Alcohol and congenital malformations
统计代写 | R代写 | data science | python – 本题是一个数据分析比较典型的等代写方向的题目
Johanna G. Neslehova
09/03/
In this illustration, we will study the effect of alcohol on congenital malformations. The data are as follows.
alc <- factor ( c ("0","<1","1-2","3-5",">= 6"),levels= c ("0","<1","1-2","3-5",">= 6")) alc.s <- c (0,0.5,1.5,4,7) malf <- c (48,38,5,1,1) no.malf <- c (17066,14464,788,126,37) data <- data.frame ( cbind (malf,no.malf,alc,alc.s)) data
malf no.malf alc alc.s
1 48 17066 1 0.
2 38 14464 2 0.
3 5 788 3 1.
4 1 126 4 4.
5 1 37 5 7.
Here,alcrecords the average number of drinks a pregnant woman has per day,malfthe number of babies with malformations andno.malfthe number of babies without malformations.
To study whether alcohol consumption has an effect, we can first fit a logistic model to the data with the intercept andalcas predictors.
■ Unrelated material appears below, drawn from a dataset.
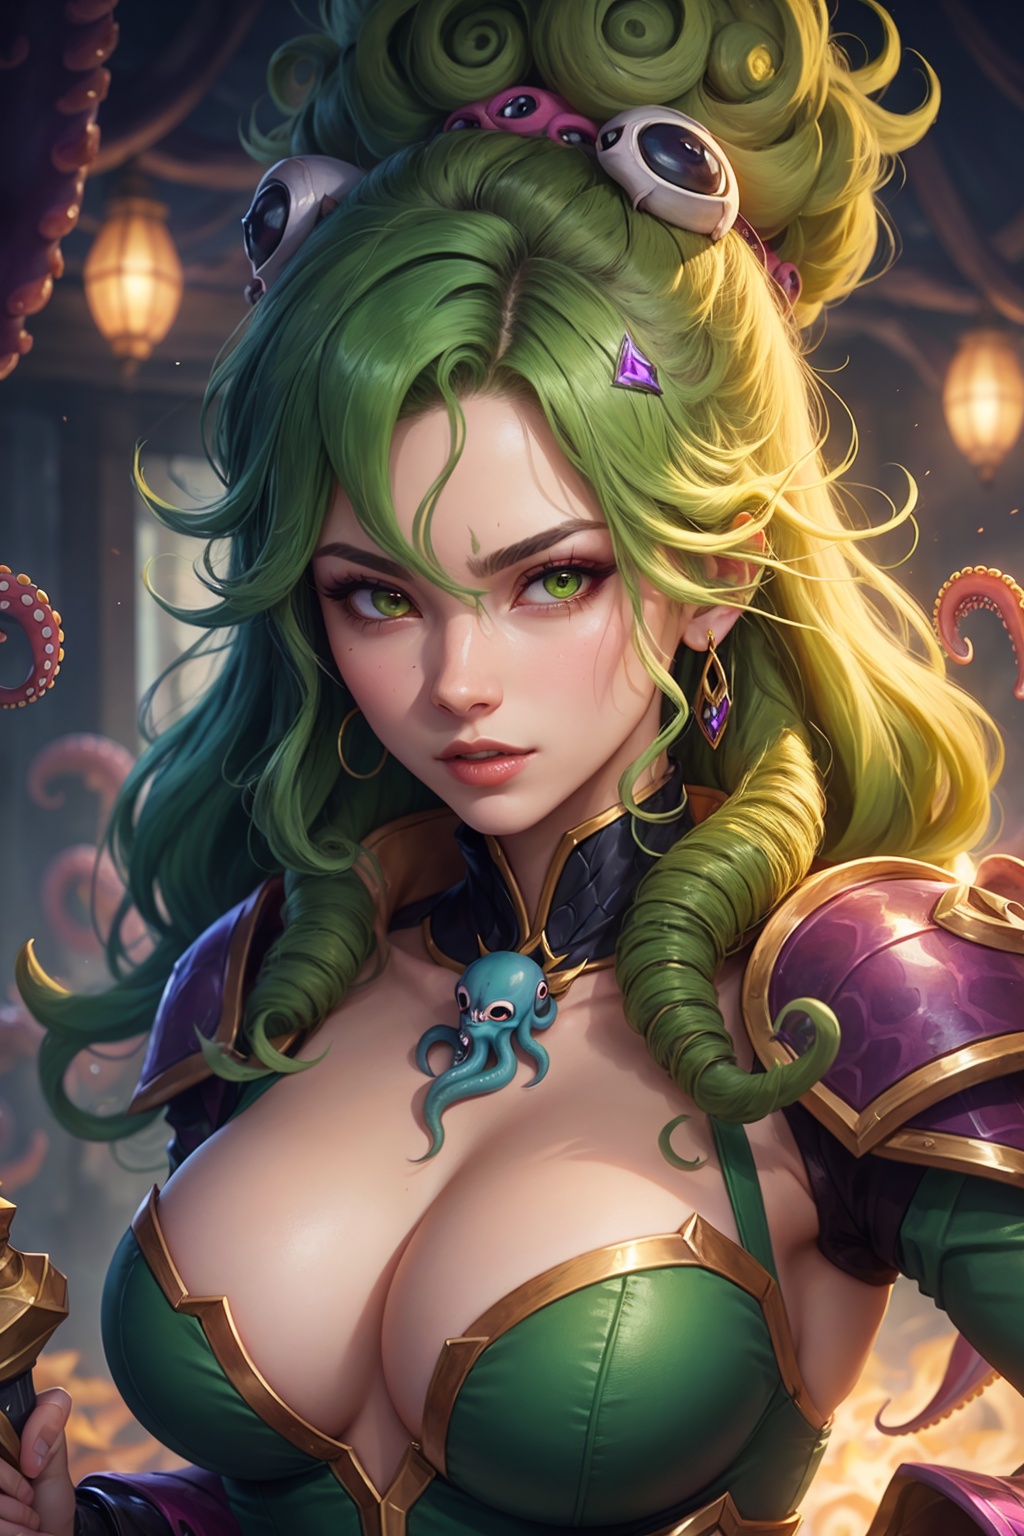 ((best quality)), ((masterpiece)), (detailed), woman with green hair, holding a sword, (octopus goddess:1.3), close-up portrait, goddess skull, (Senna from League of Legends:1.1), (Tatsumaki with green curly hair:1.2), card game illustration, thick brush, HD anime wallpaper, (Akali from League of Legends:1.1), 8k resolution, (rating_explicit), (score_9, score_8_up, score_7_up, score_6_up, score_5_up, score_4_up, high res, 4k)
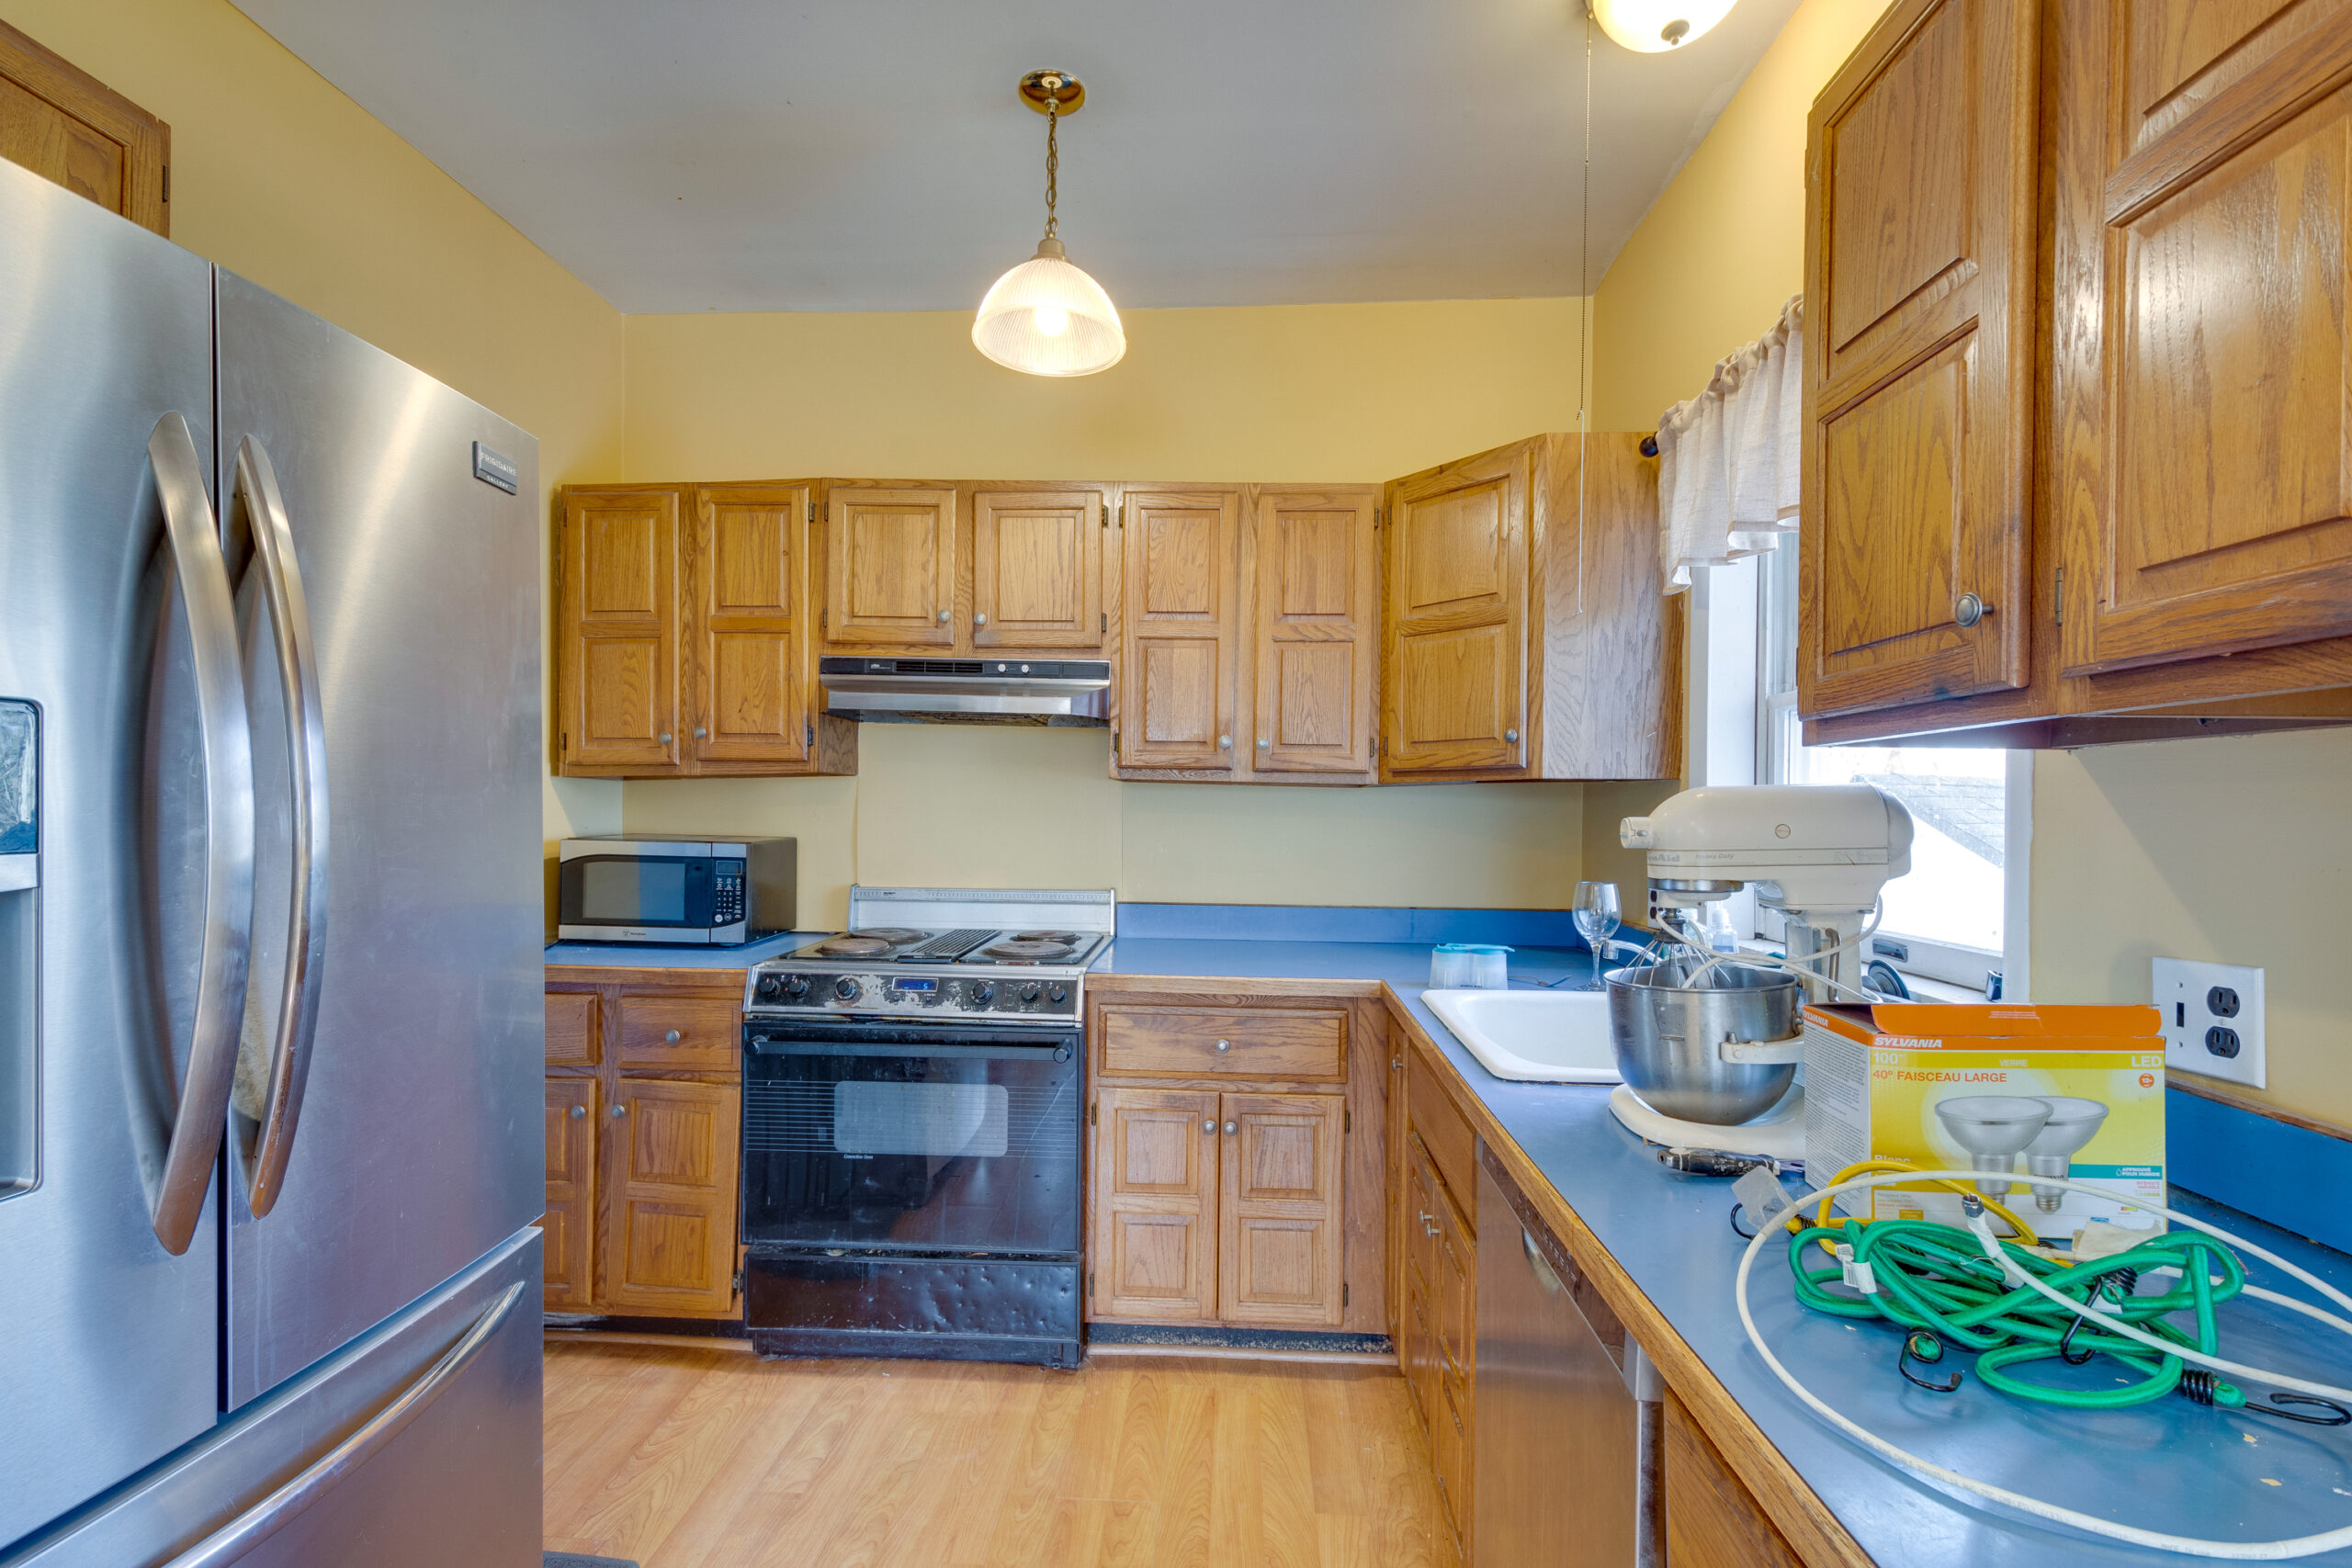 mage of a kitchen in a vintage New England home before renovation. This view shows a large hole in the yellow wall, old wooden cabinets, and blue countertops. The room also has a ceiling fan, outdated appliances, and a mix of old flooring, indicating significant wear and tear.

Fit the model and look at its summary.
m1 <- glm ( cbind (malf,no.malf) ~ alc,family= binomial) summary (m1)
Call:
glm(formula = cbind(malf, no.malf) ~ alc, family = binomial)
Deviance Residuals:
[1] 0 0 0 0 0
Coefficients:
Estimate Std. Error z value Pr(>|z|)
(Intercept) -5.87364 0.14454 -40.637 <2e-16 ***
alc<1 -0.06819 0.21743 -0.314 0.
alc1-2 0.81358 0.47134 1.726 0..
alc3-5 1.03736 1.01431 1.023 0.
alc>= 6 2.26272 1.02368 2.210 0.0271 *
—
Signif. codes: 0′‘0.001 ‘‘ 0.01’‘ 0.05′.’ 0.1” 1
(Dispersion parameter for binomial family taken to be 1)
Null deviance: 6.2020e+00 on 4 degrees of freedom
## Residual deviance: 1.8163e-13 on 0 degrees of freedom
## AIC: 28.
##
## Number of Fisher Scoring iterations: 4
Are the data entered in a grouped form? Yes, the data entered in a group form. Why are the deviance
residuals all 0? Because this model is saturated. Now compare the observed and the fitted counts.
m <- malf + no.malf
fitm1.malf <- predict (m1,type="response") * m
fitm1.no.malf <- m - fitm1.malf
cbind (malf,no.malf,fitm1.malf,fitm1.no.malf)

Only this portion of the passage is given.